IMO Viola Davis was the leading actress in Fences.  Oscar had her in the supporting category but I think this was a move on the producers’ part to ensure a win.  Davis not only appears throughout the film but she eventually takes it over.  This is akin to putting Shirley Booth in supporting for Come Back, Little Sheba because co-star Burt Lancaster had a bigger name.

Jeff Bridges is the co-leading actor with Chris Pine in Hell or High Water.  This is a cat-and-mouse two-hander IMO.  Oscar had Bridges in supporting.

Lucas Hedges is the co-leading actor with Casey Affleck in Manchester by the Sea.  The film is as much his story as that of his uncle.  Oscar had Hedges in supporting.

Dev Patel is the leading actor in Lion.  Oscar had him in supporting too.

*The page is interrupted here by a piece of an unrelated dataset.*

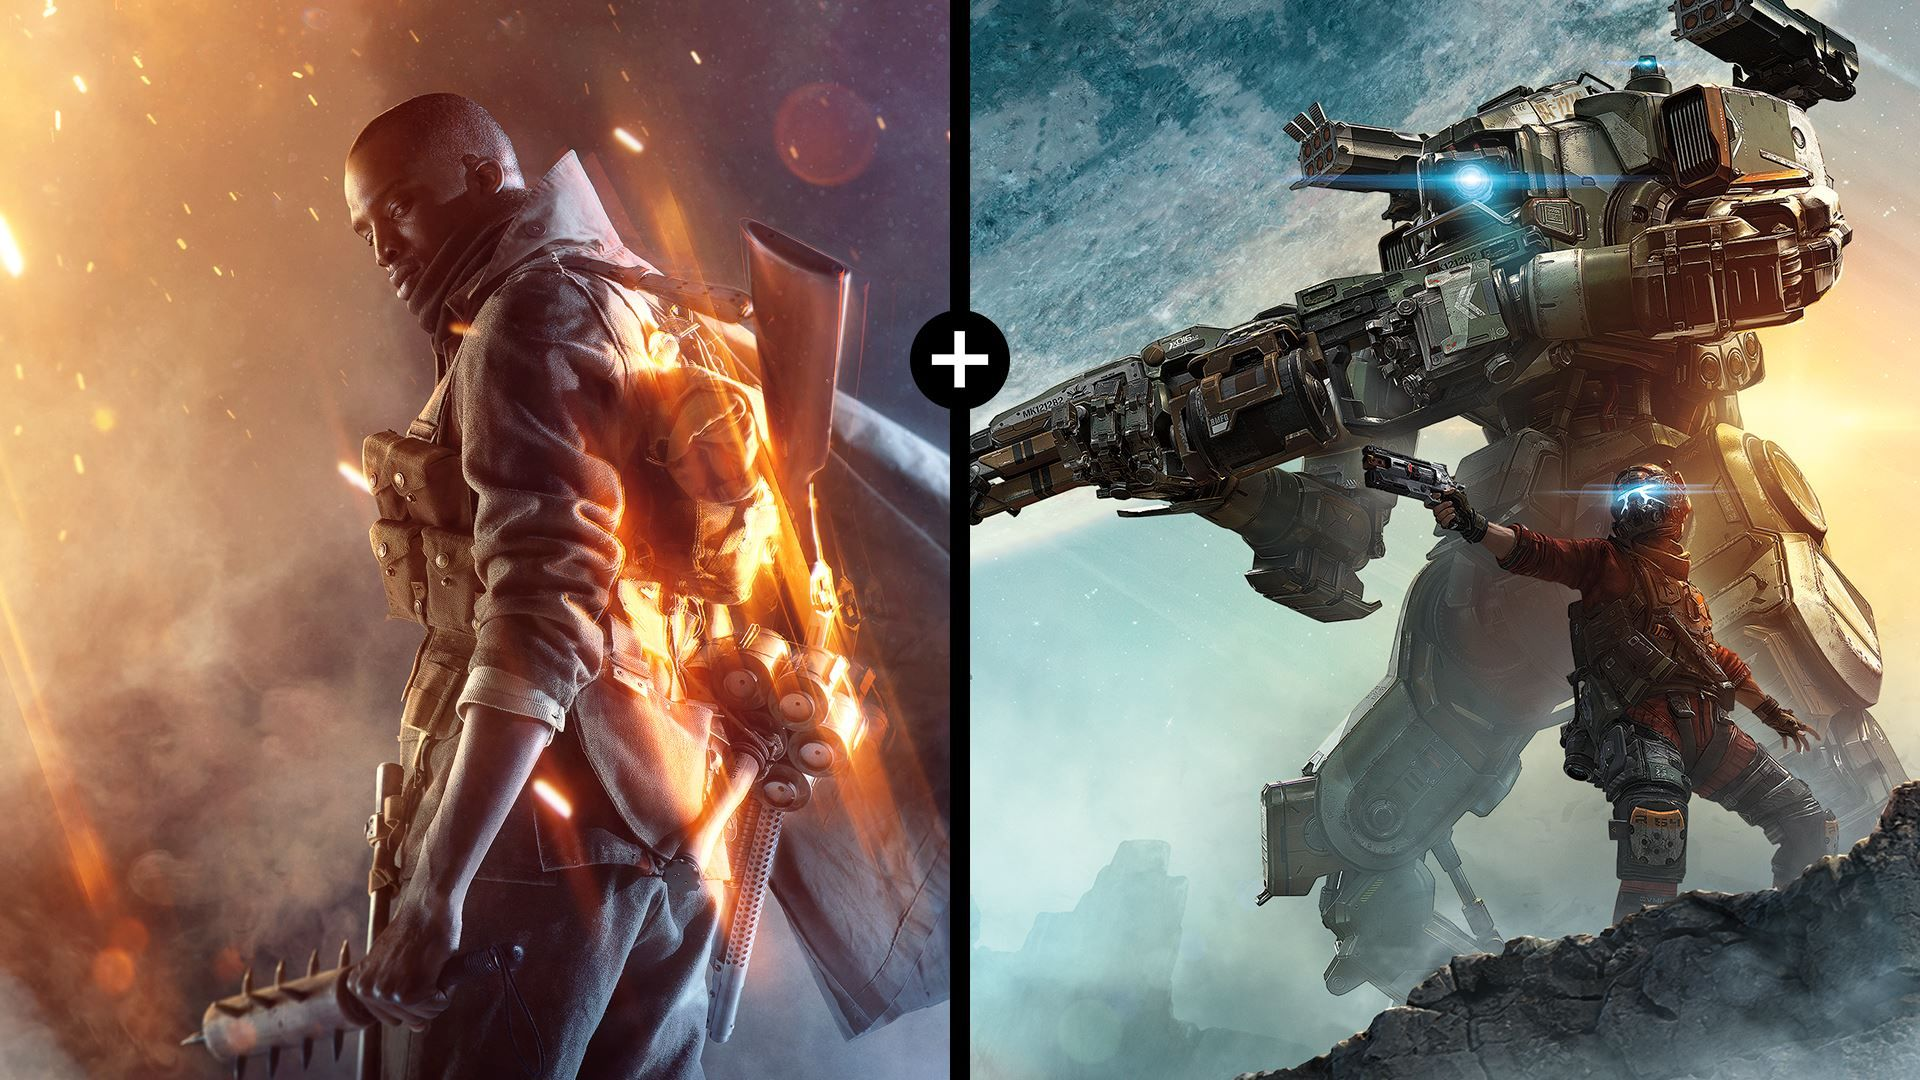 Battlefield 1 - Titanfall 2

Is Taraji P. Henson the only lead in Hidden Figures?  I have Octavia Spencer in support.

 

SPOILERS abound.

 

I disagree.  Washington isn't simply better known than Davis.  He dominates the movie much more than the comparable relationships in La La Land, Loving, and Florence Foster Jenkins.  For the first two hours he's almost always on screen and Davis only has a couple of minutes alone or without Washington.  Then he dies and the last twenty minutes is about his funeral.  The movie is about him, and only secondarily his marriage.  It's basically "Death of a Salesman," as "Life and Death of an African-American Sanitation Worker."

 

I personally think Bridges coasts through Hell or High Water.  Pine and Foster are the characters who have all the action, the moral dilemma and make almost all of the risks.

 

I don't think anyone, even those who didn't like the movie, thought that Hedges was a co-lead.  His being orphaned is the dilemma for Affleck.  The movie isn't about his growth or development.  It's clearly about Affleck.  The movie stands or falls on Affleck's life.  Hedges is a somewhat selfish teenager whose father died.  There's no reason why that event would dramatically change him, (he's not responsible in any way for his father's death) or stop him chasing girls, and it doesn't.  There isn't a part of his character that's separate from Affleck having to deal with it.  By contrast, Hedges has little or nothing to do with Affleck's relationship with his ex-wife, the often contemptuous view of the other townspeople towards him or the central tragedy of Affleck's life.

 

I forget when Patel's character actually appears in Lion.  Is it 40% or 50% of the way in?

 

Henson is clearly the lead.  She's the character with the big love story, the one who interacts with Costner and Parsons, and the one whose scientific knowledge leads to the dramatic NASA incident.  The other two's role is distinctly less.